While it may not equal the hysteria of the iPad or the latest Android release, the news last week ranking the top 500 Super Computers in the world is significant, especially if you’re a Linux user. Why? Because Linux continues to dominant super computing. This year it’s added to its domination and occupies 470 of the top 500 spots. (The rest: 25 with Unix, mainly AIX, and Windows with only 5.) A detailed look at the OS breakdown can be found here. Jay Lyman also does a great breakdown of community vs paid Linux here.
We all rely on super computers ever day, even if we’re not aware of it. Super computers model our atmosphere so weathermen can make predictions accurately. (OK, maybe not the best example.) They are used in our nation’s defense. They are used for space travel and to model a virus’ spread through a population and to sequence the human genome.
So why do Linux users care? Because the work accomplished by the Super Computer manufacturers (IBM, HP, Fujitsu, Cray and so on) is poured back into the kernel and ends up helping all users. Just remember that today’s desktop PC was considered a super computer not that long ago. Advances in multi-core technology driven by super computing requirements of a few years ago are now used by financial services companies in trading applications to power their business.
One reason this is on my mind is we’re working on content for this year Linux End User Summit, happening in New York on October 10 – 12. There we gather the largest Linux end users in the world, including super computer customers and many financial services firms to collaborate with the developers and maintainers of Linux. Topics will include the real time kernel, low latency systems and how to monitor a kernel at sub 10 mili-second granularity. If you’re an end user pushing the capabilities of Linux, please request an invitation to join us here. We also have been closely working with the high performance computing industry at our CollaborationSummits, with last year’s HPC track especially well done.
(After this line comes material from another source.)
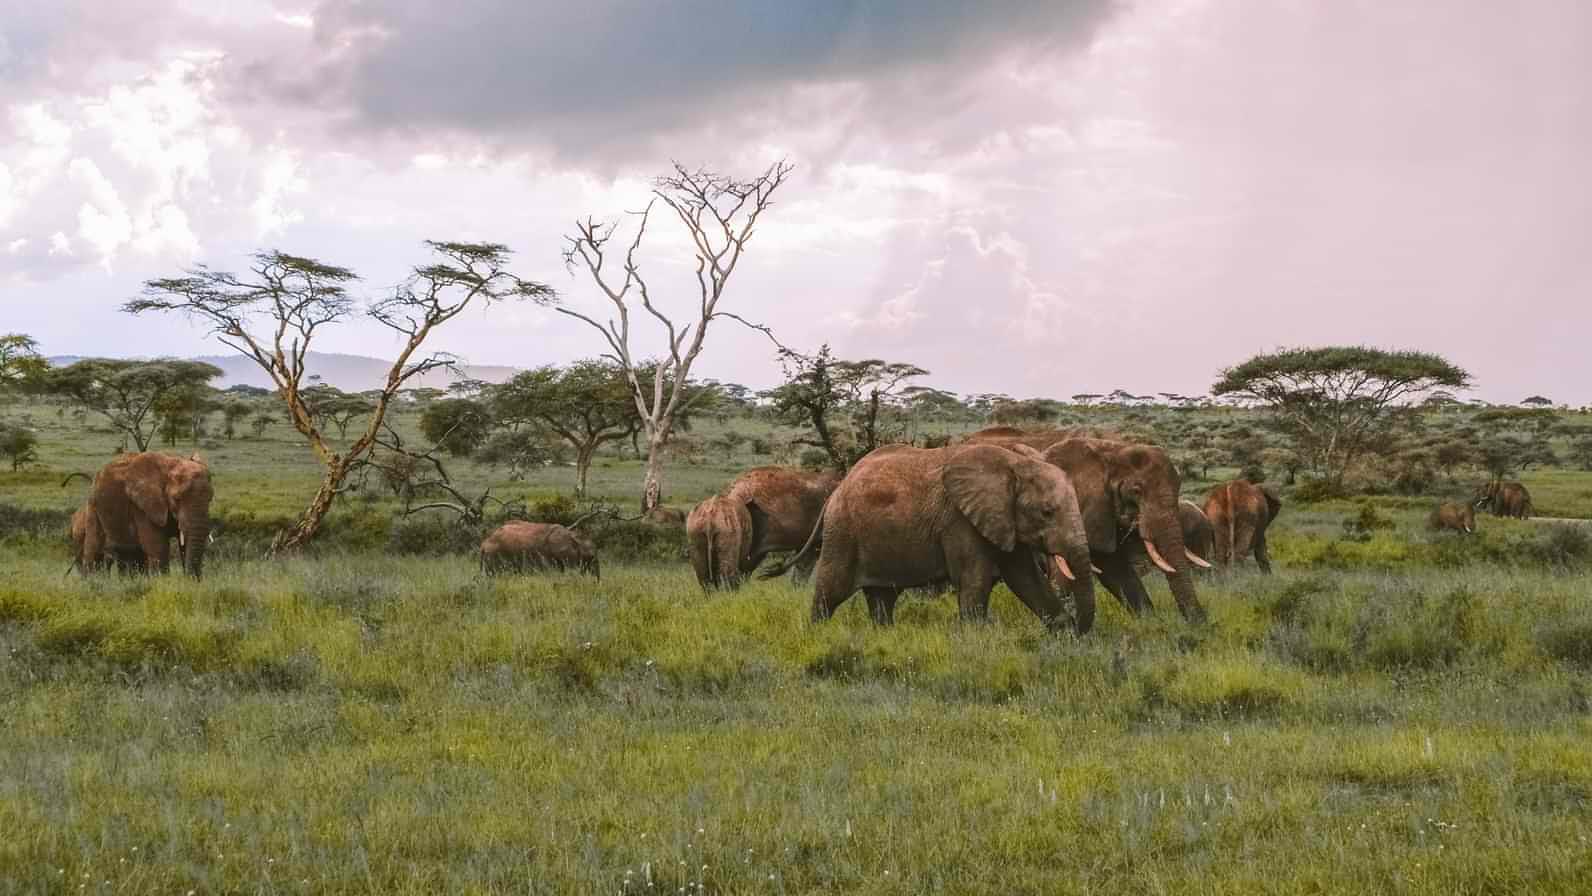 A heard of elephants in the evening light of the Serengeti National Park, Tanzania

And the super computer business is growing. Last week Fujitsu announced they are aiming for $1billion in super computer sales and are building what they expect to be the world’s fastest super computer. According to this BusinessWeek article, their computer “will string together 80,000 processers and be able to perform 10 quadrillion calculations in a second, more than four times as many as the current record holder.” Obviously, super computing and other high performance users push Linux in ways that mobile, desktop and enterprise users do not. While we all benefit from the scientific advances of super computing, we are working hard so Linux users and the Linux ecosystem will continue to benefit.